# Shocking



## snakeman14 (Apr 17, 2008)

Alright for spring break went to help my dad out at his work up in Blackwater. He is a biologist for the FWC and raises striped bass, hybrid striped bass, white bass and largemouth bass. Well Wed. we went out shocking to try and find a few more brood fish to try and finish up their spawning season.River conditionswere bad;water was to high, muddy, and to cold butwewanted to give it a shot anyways. So heres a few pics.

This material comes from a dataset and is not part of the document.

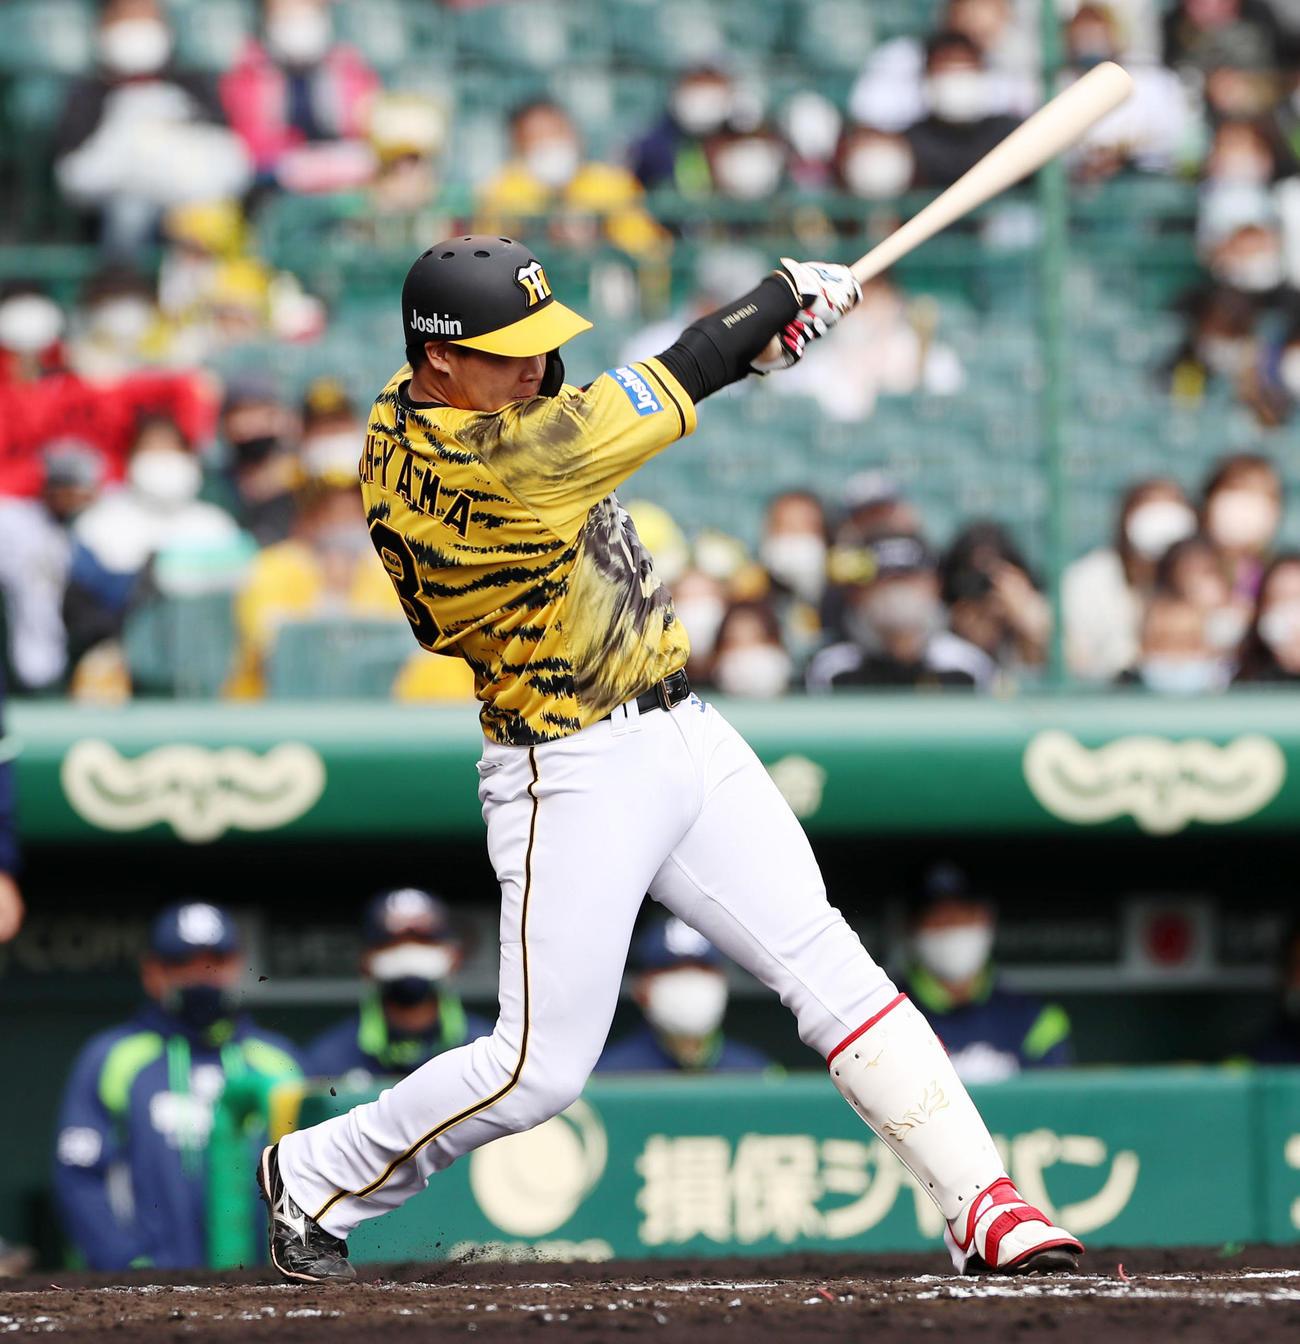 阪神対ヤクルト 3回裏阪神無死満塁、大山は右前適時打を放つ(撮影・加藤哉)
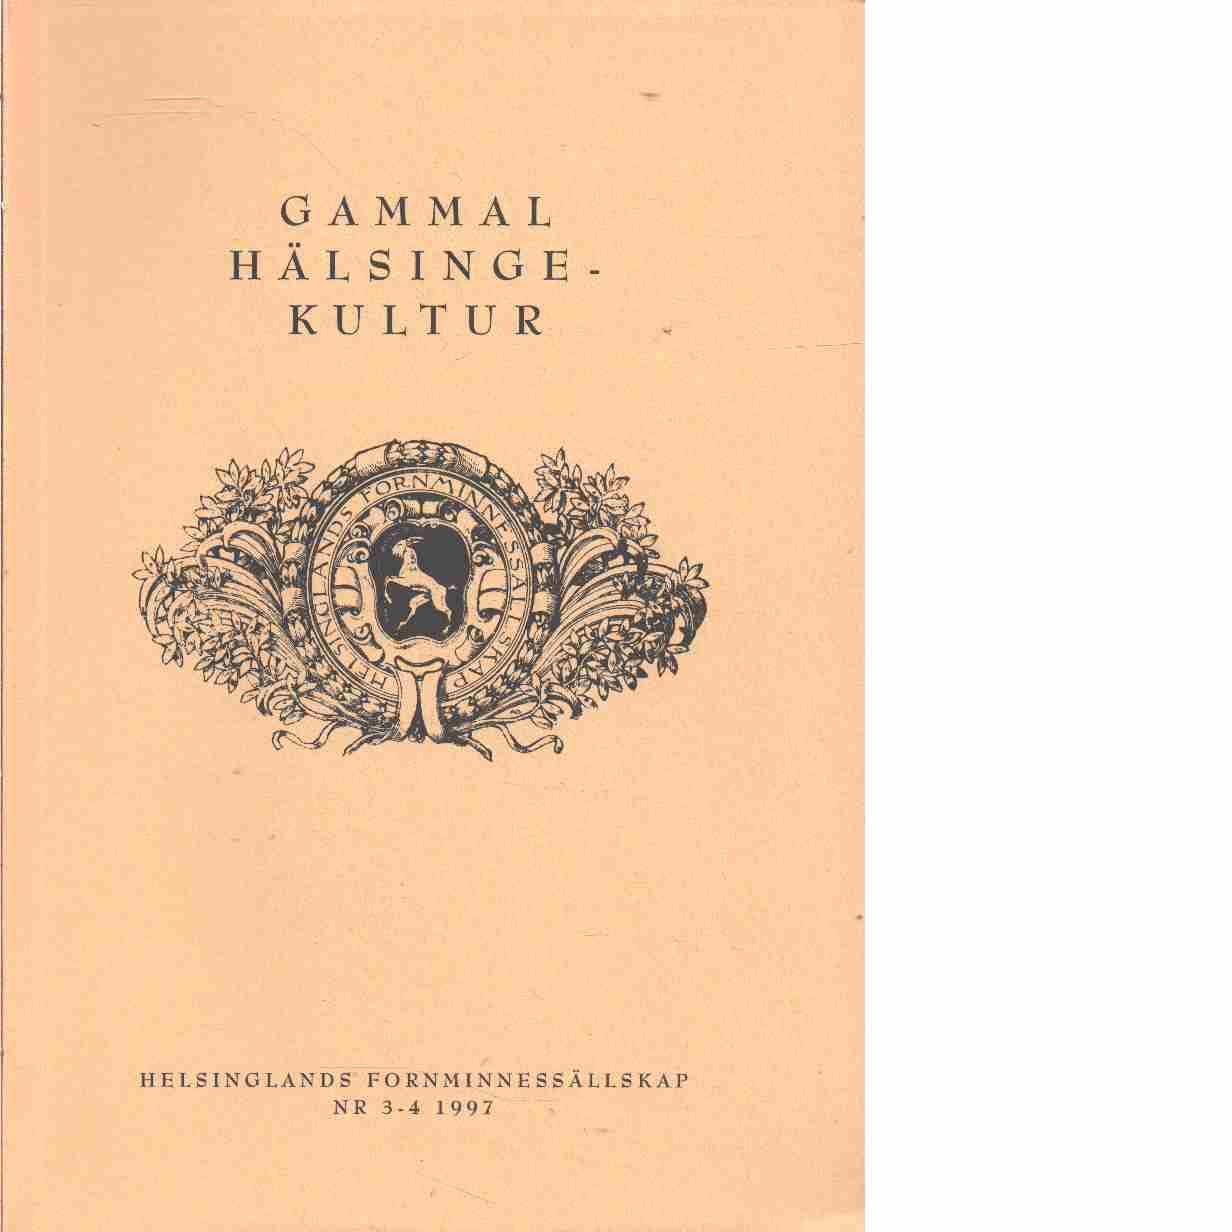 Gammal hälsingekultur 1997 nr 3 - 4 - Helsinglands Fornminnessällskap

Heres a pic of the boat, you can see the holding tank with aerator, the two booms with electrodes andthe bow platform. Thewhole system works by using a generator tocreate electricity which is then put though the booster box. The booster box controls the amperage, and the pulses per second given off.The electrical currentflows through the wires in the booms and into the water through the electrodes. The fish are stunned and float up to the surface for easy collection. This is the main method of catching large striped bass, and sampling the local rivers and lakes. 










Here is the booster box.

Alright so my Dad was driving, I was playing asanchor man in case we came across a school of stripers, and Mr.Simmons was on the bow ready with the net.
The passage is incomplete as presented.